## Dataset section
BEGIN
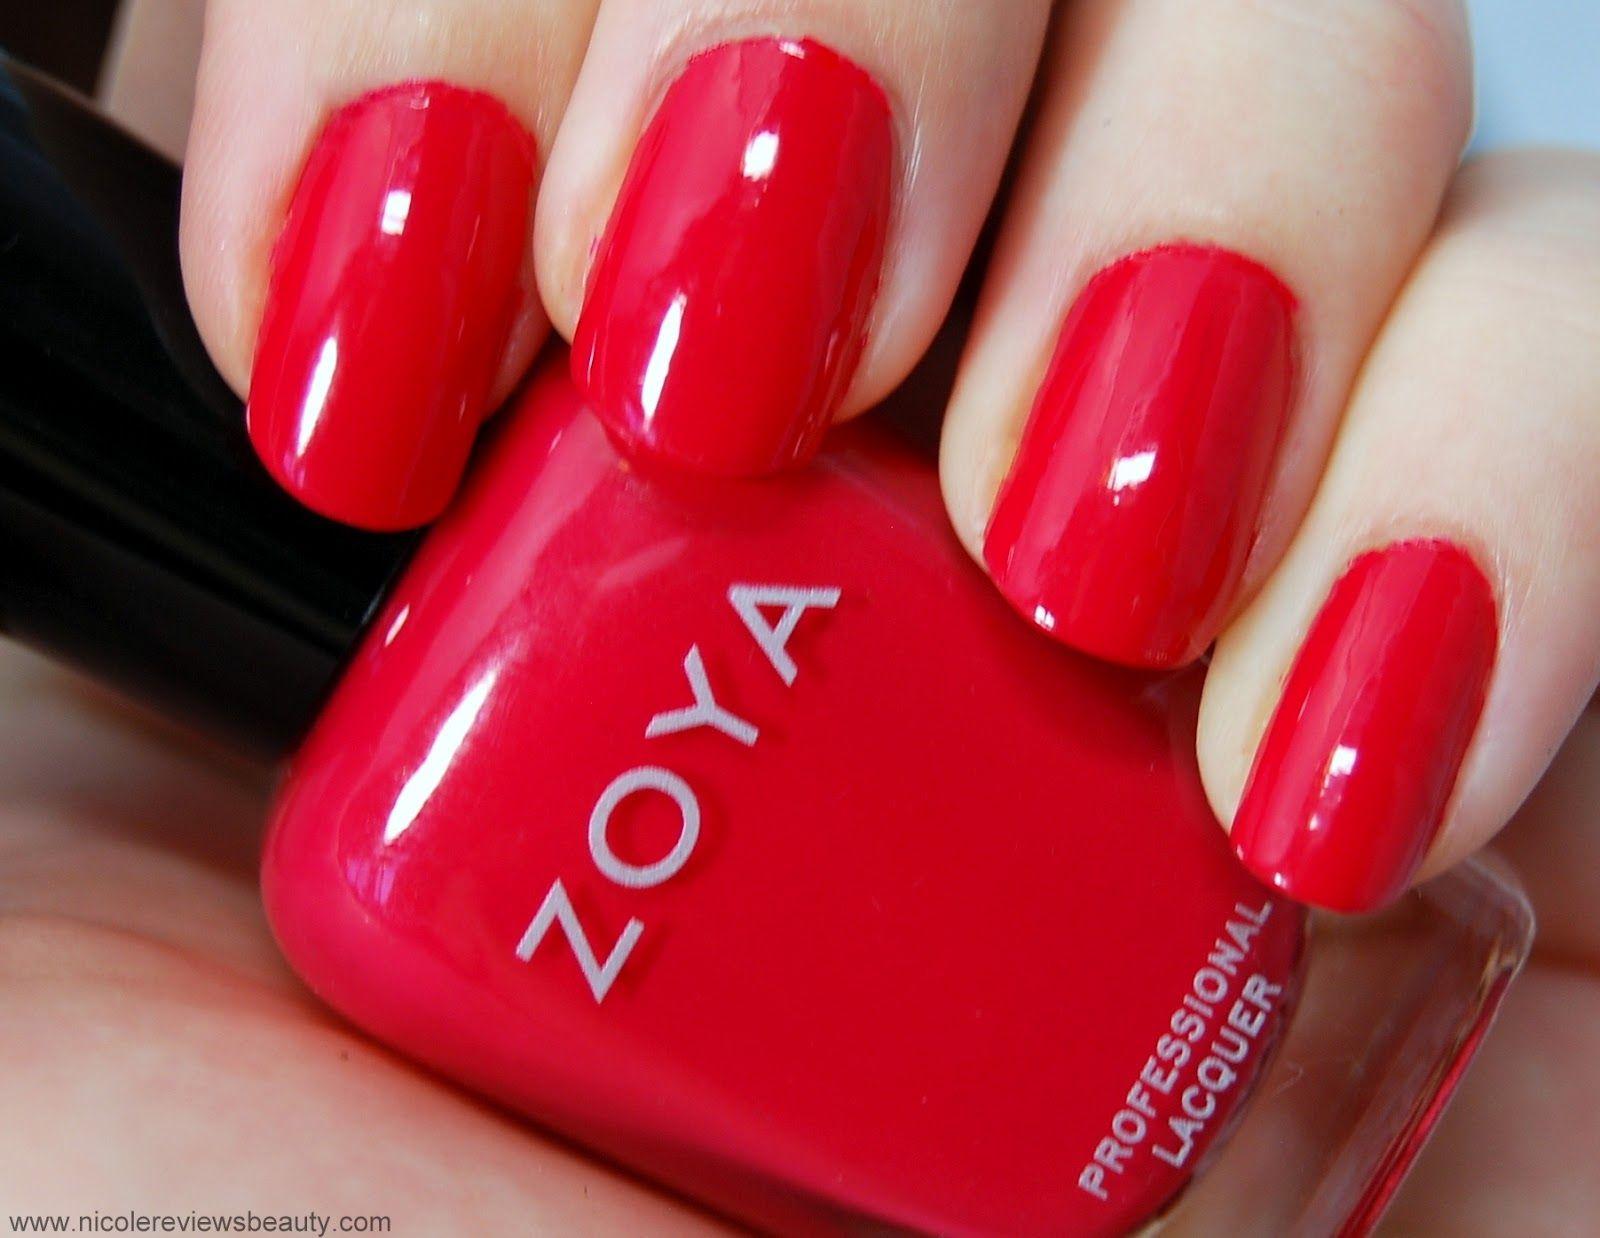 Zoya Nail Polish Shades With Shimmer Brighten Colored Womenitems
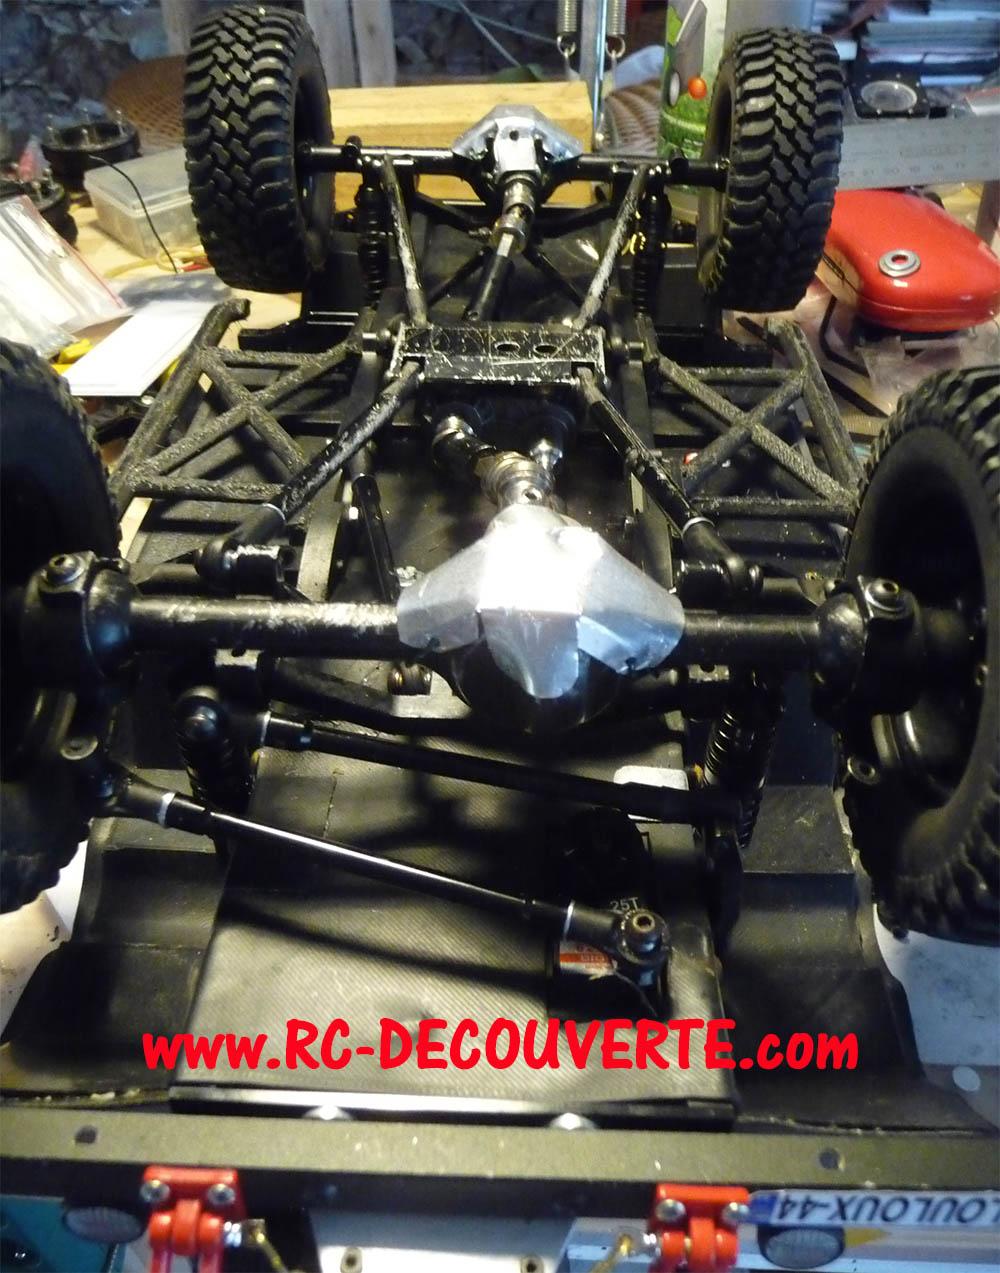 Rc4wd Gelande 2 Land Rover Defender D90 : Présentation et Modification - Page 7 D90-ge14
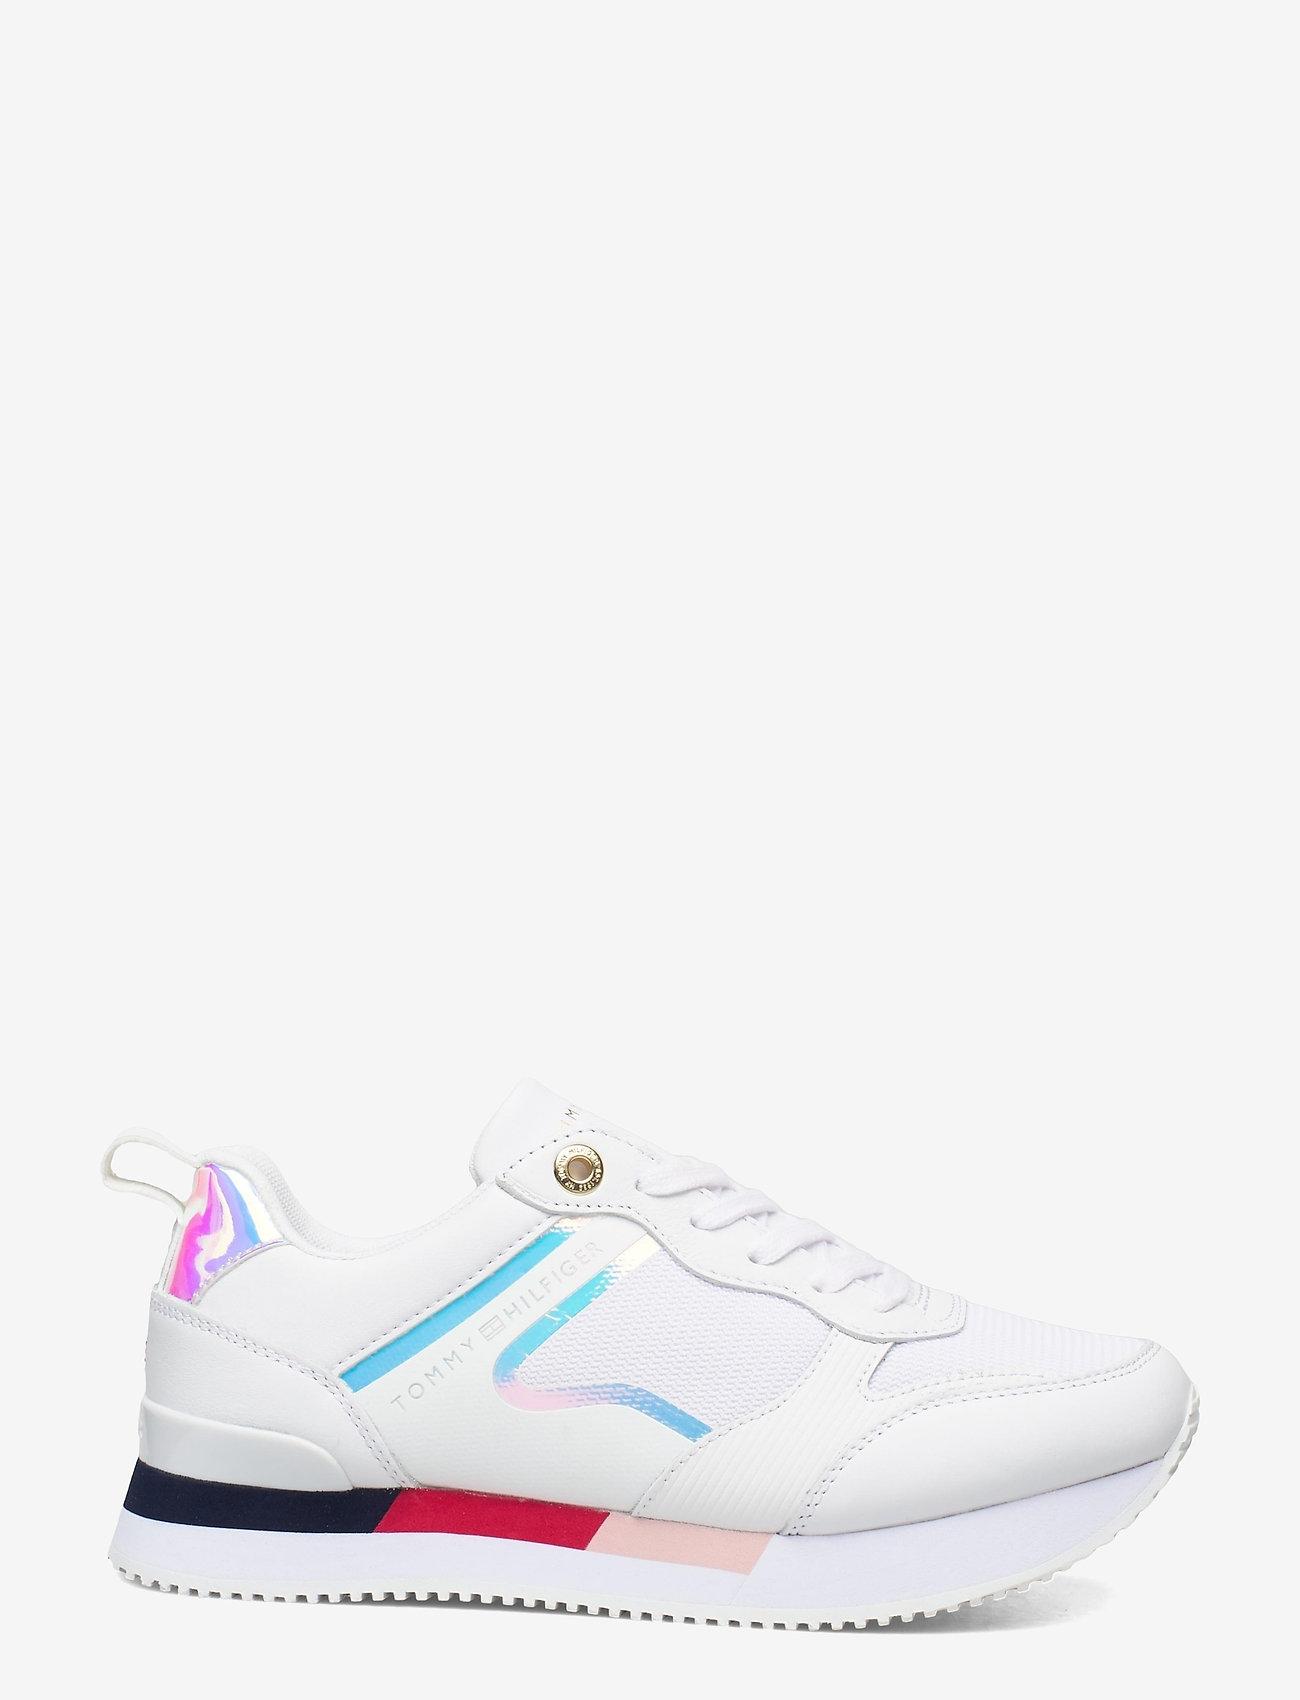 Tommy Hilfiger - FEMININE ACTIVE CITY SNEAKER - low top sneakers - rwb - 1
END
## Your assignment
Write out the material above once more, word for word. Images stay out.

## Exercise answer
 Zoya Nail Polish Shades With Shimmer Brighten Colored Womenitems
 Rc4wd Gelande 2 Land Rover Defender D90 : Présentation et Modification - Page 7 D90-ge14
 Tommy Hilfiger - FEMININE ACTIVE CITY SNEAKER - low top sneakers - rwb - 1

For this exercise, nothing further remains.